Date: Sun, 01 Jan 2006 07:58:32 +0000
From: David Edge <david.j.edge at ntlworld.com>
Subject: Refractometer calibration

David Houseman asks about refractometer calibration.

The UK Midlands Craft Brewers did an experiment in the summer that
showed for our small sample of instruments (3 refractometers, 4
homebrew hydrometers) the dominant source of error was the people
using them. The standard deviation for all instruments was 2-3
brewers degrees, ie OG points, yet the average reading for each
instrument was very close to the reading obtained in a brewery with
decent instruments for the three test samples (1020, 1038, 1058).

I'd be inclined to trust the refractometer, but would go and talk to
my local microbrewer if I was worried and try my instruments against
his. I suspect that in wrong part the US you may be 500 miles from a
micro, I've got four in walking distance.

David Edge, Derby, UK



------------------------------

Date: Sun, 1 Jan 2006 05:30:57 -0600
From: Stuart Lay <zzlay at yahoo.com>
Subject: Ew: Water Analysis and a Water Profile Question

Yesterday Paul Waters asked about labs where one could get a complete
water analysis performed.

Last April I sent Ward Laboratories in Kearney, Nebraska
(www.wardlab.com) a sample of local spring water for analysis. One
phone call and a couple of days later, I had a sample bottle and a
listing of the services they provided. I filled the sample bottle and
mailed it back, and they quickly returned the results. Only after I
received the analysis did they request payment -- $15.

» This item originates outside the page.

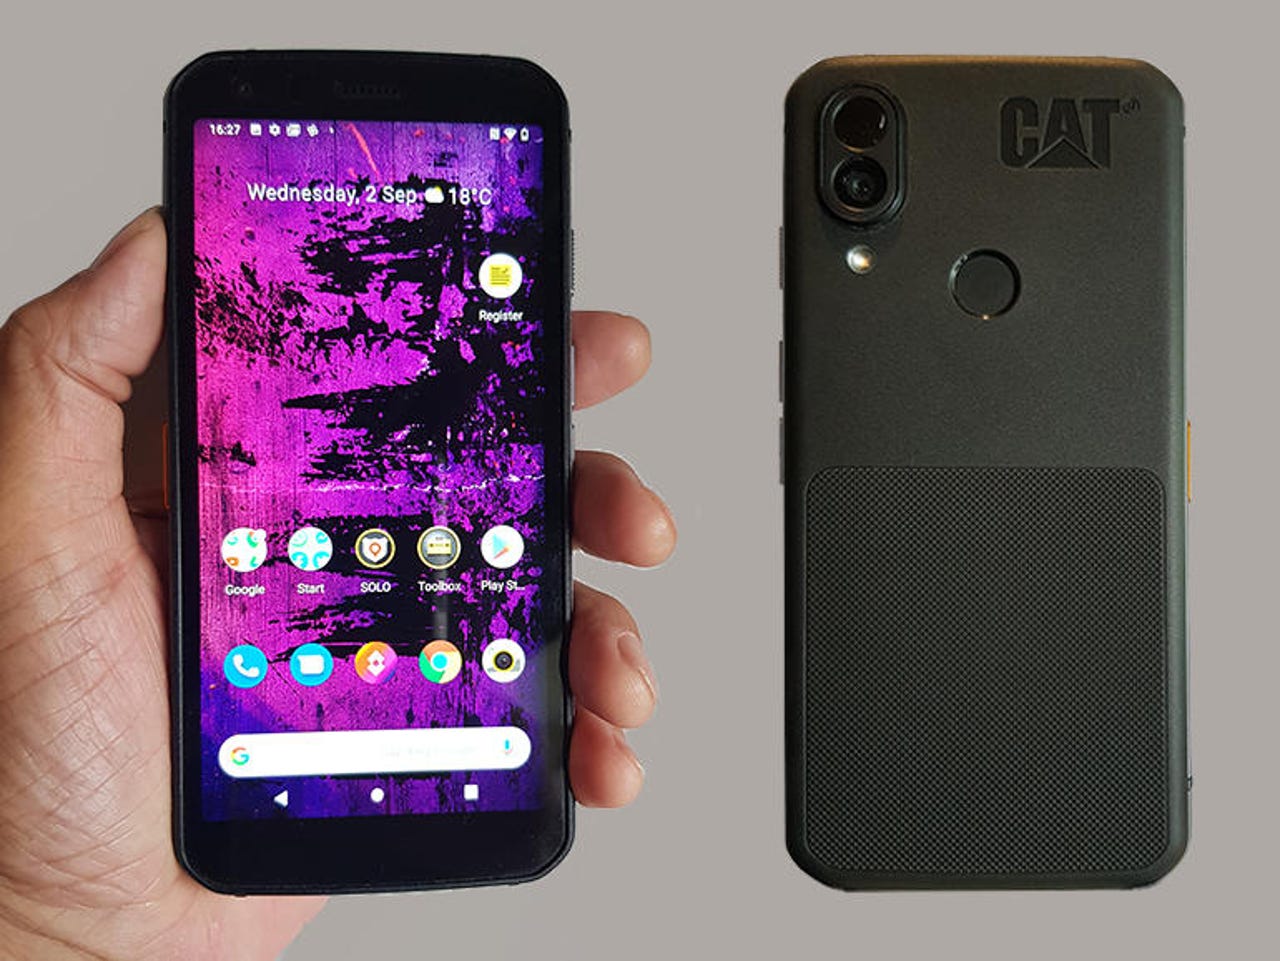 Cat S62 Smartphone

The analysis they sent back included the following:

pH: 7.5
Total dissolved solids: 174.0
Electrical conductivity .29
Cations/Anions, me/L 3.4/2.7
Na 1
Potassium K 2
Ca 52
Mg 8
Total Hardness, CaCO3 163
Nitrate <.1
Sulfate <1
Chloride 2
Carbonate CO3 <1
Bicarbonate, HCO3 159
Total Alkalinity, CaCO3 130

I was definitely pleased with their responsiveness and customer service
and would recommend them.

On to my question -- with the water analysis above, what kinds of beer
is this water well suited to? I've been using it untreated for deep
amber, red, and brown ales. I'm seeing about 80% efficiency from my
system (about normal).

Finally, we live near Hot Springs, AR, and this region is blessed with
many, many springs. Another spring I use for brewing light ales
(lawnmower beers) comes with the following, abbreviated analysis. Any
ideas on this one?

Ca .3
Mg .28
Bicarbonate <1.0
Sulfate .9

From this, using John Palmer's book and chart, I calculated a residual
alkalinity of 4, but I'm not real sure of the math. My impression is
this is very soft water and should be OK for light beers.

stuart
Royal, AR
741.2,226.9
Apparent Rennerian



------------------------------

Date: Sun, 01 Jan 2006 15:07:08 +0000
From: "A.J deLange" <ajdel at cox.net>
Subject: Water Analyses

Laboratory water reports available to the public are aimed at homeowners
and are designed to let the guy who buys them sleep soundly secure in
the knowledge that his litttle dears will not be poisoned by dioxin and
that his wife's whites will come out whiter than white. Now this is of
significance to brewers too. If my well supplies water with negative
residual alkalinity but laden with DDT I don't want to brew with it.
Municipal water reports are designed to satisfy regulatory requirements
imposed by federal and local regulations. If they happen to inform the
public at the same time that is an added benefit. In neither case are
brewers and their needs considered but usually the brewer can find what
he needs. So what does he need? I used to refer to the "significant
seven" being those parameters most important to the brewer in the usual
circumstances. They are pH, calcium hardness, magnesium hardness,
alkalinity, chloride, sulfate and chlorine/chloramine. The hardness
numbers and alkalinity tell you whether your mash pH is likely to be in
the right range. Chloride and sulfate are the most significant
"stylistic" ions i.e. those that will have the most direct flavor impact
(as opposed to the indirect flavor impact of improper mash pH) and
chlorine/chloramine lets you know whether you have to get rid of one or
the other or both of them or suffer potential chlorphenolics. pH itself
is not very informative but is required for calculation of the amount of
bicarbonate and carbonate in a sample of given alkalinity. Now if you
happen to be in an area where nitrates are high it is important to check
the nitrates and nitrites and if you have a deep well sodium may be a
concern. Also iron and manganese may ruin your beer but if these are
present you can taste them and removing them to the extent that you
can't taste them anymore is sufficient.

Where the typical water report falls down is in not reporting alkalinity
or reporting alkalinity as "bicarbonate" or "carbonate". If alkalinity,
carbonate and bicarbonate are all reported then the numbers mean the
concentrations of bicarbonate and carbonate but if only bicarbonate or
carbonate appears it usually means the bicarbonate content which must be
converted to alkalinity (if pH < 8.3 divide by 61 nad multiply by 50).
Another shortcoming is listing just "hardness" i.e. not breaking it down
into calcium and magnesium hardness. This makes calculating residual
alkalinity hard but you can take a stab at it by assuming that 60 of the
hardness comes from calcium and the rest from magnesium.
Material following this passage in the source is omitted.